The petcock was figured out, the tank on my bike was a 76 or so, not the 74 like the bike. Thanks for following up though.
What color wire is the fuel coil? I don't see anything by that name in on my stock wiring schematic.
Which lock port do you mean for the black? The LOCK on the M-unit or the key-ignition switch assembly? I have removed the key assembly on the bike. I am planning to use a relayed kill switch to disable the entire POS from the battery and the M-unit.
Also, I didn't hear on the 15A fuse. Should that be between the battery POS and starter or to the M-unit? I'm thinking the starter, but want to make sure. Also, what value fuse should I use to the M-unit, just in case? I know its internally fused, but still.
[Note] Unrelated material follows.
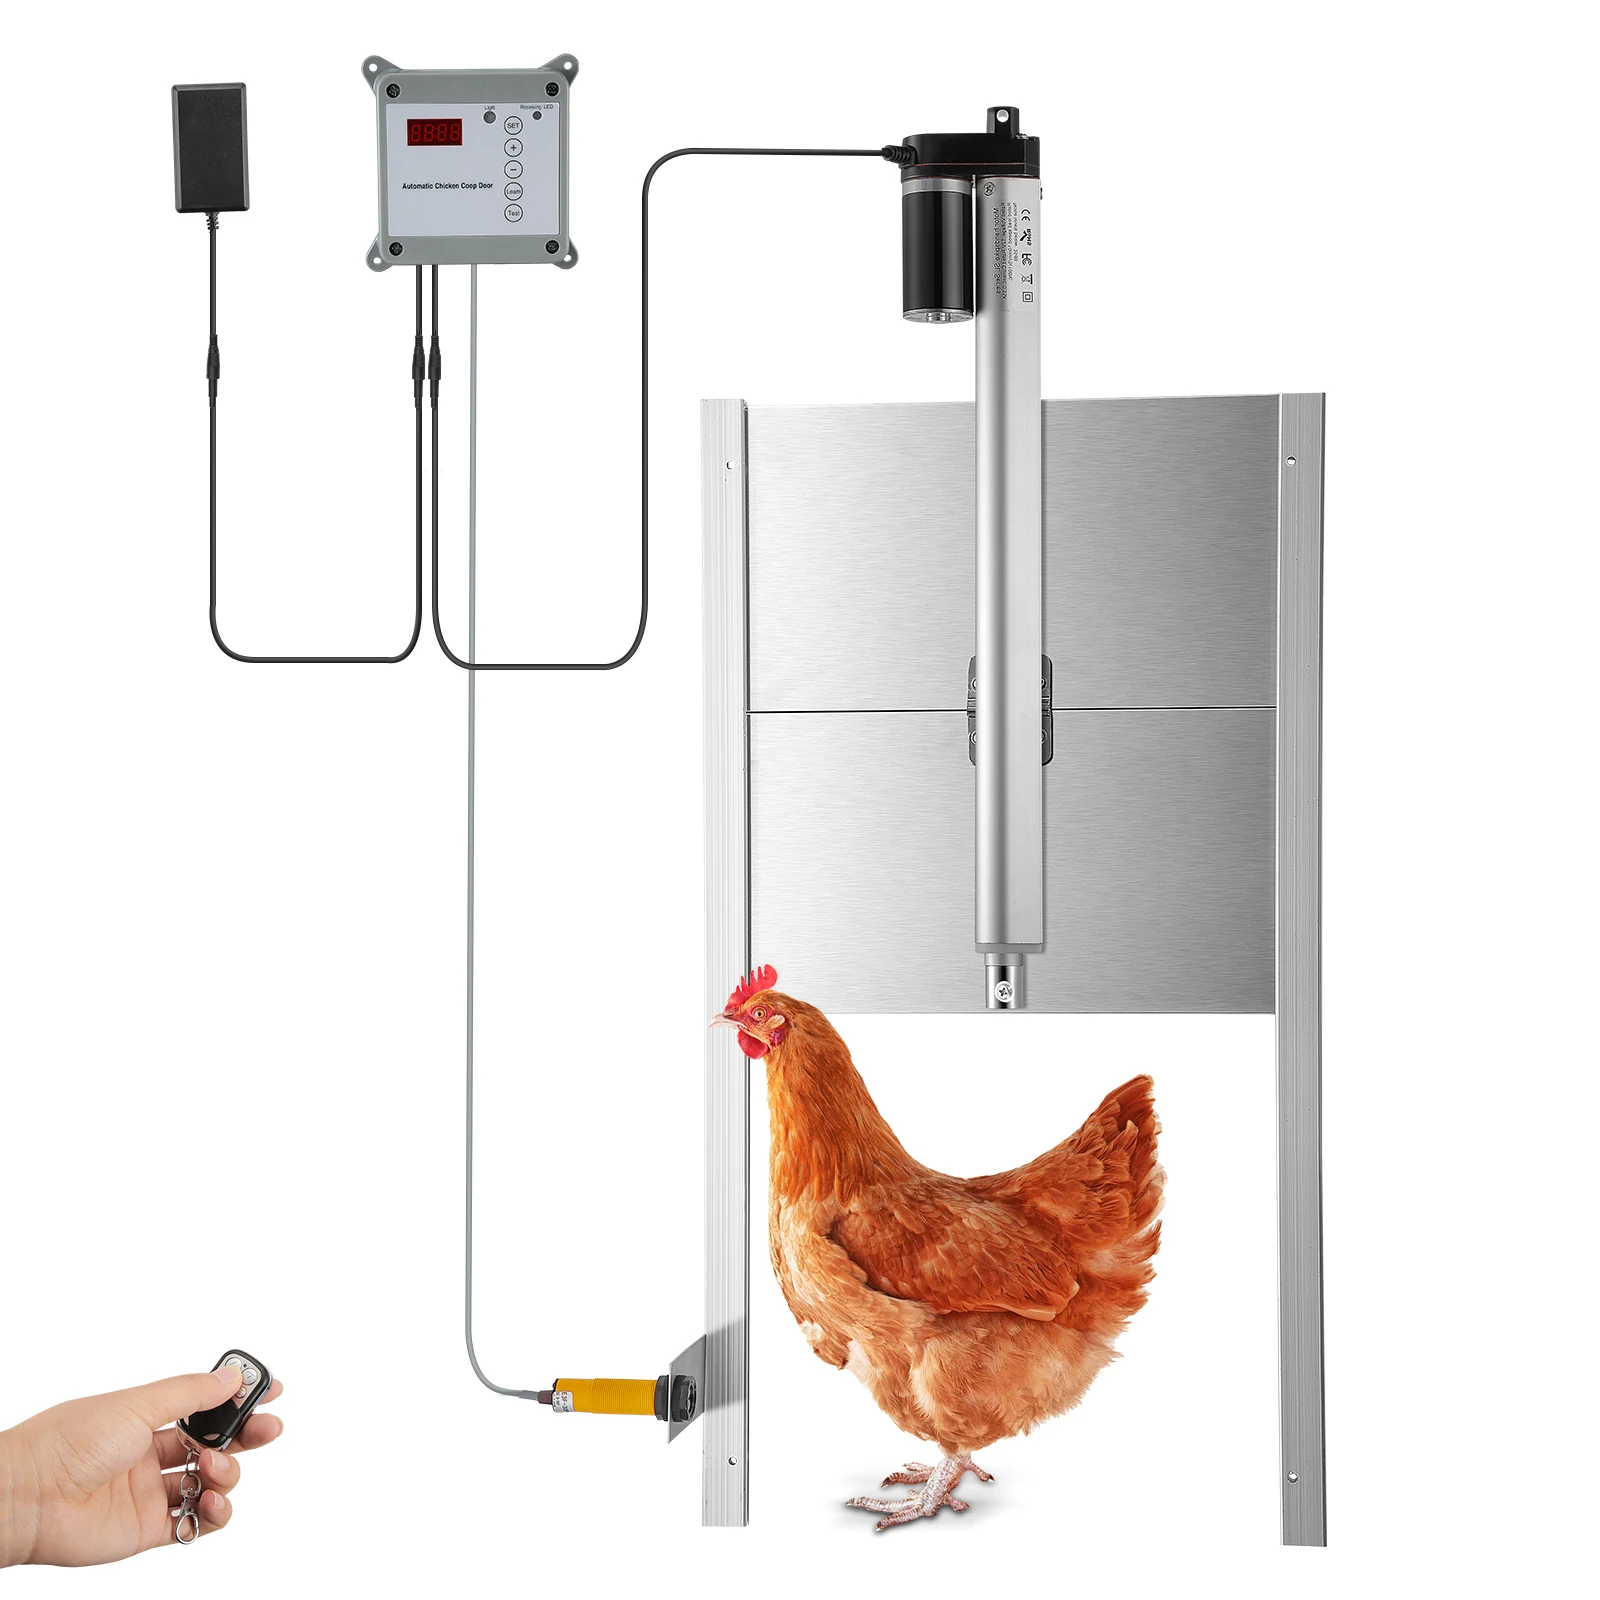 Automatic Chicken Coop Door Opener Kits Rainproof Outdoor With Timer Light Sensor And Remote Control Actuator Motor EU Plug

I pulled the neutral switch and it seems that the PO was having an oil leak issue and decided to glue it in. All that came out were the internals. Any suggestions on how I could remove the outer casing? I attached a photo of what came out.
One last question for the day. I got my new clutch kit in. It came with 6 metal plates and 8 friction disks. I know the large tanged friction disk goes on the outside, but I have some questions on the number of friction disks I need to use. I do not have the double pressure plate version of the clutch, so I would assume I would need all 8 disks, but I am not sure of how this would be arranged. The clutch I pulled out only has 7 disks and 6 plates, but that would be the setup for the double plate version correct? If I need all 8 disks, I feel like I am missing a pressure plate. Thoughts?
The bikes clutch was either "disengaged or engaged" which is why I thought the plates were worn, but if the assembly was incorrect and a disk or plate were missing, it would make sense for this to be the case, correct?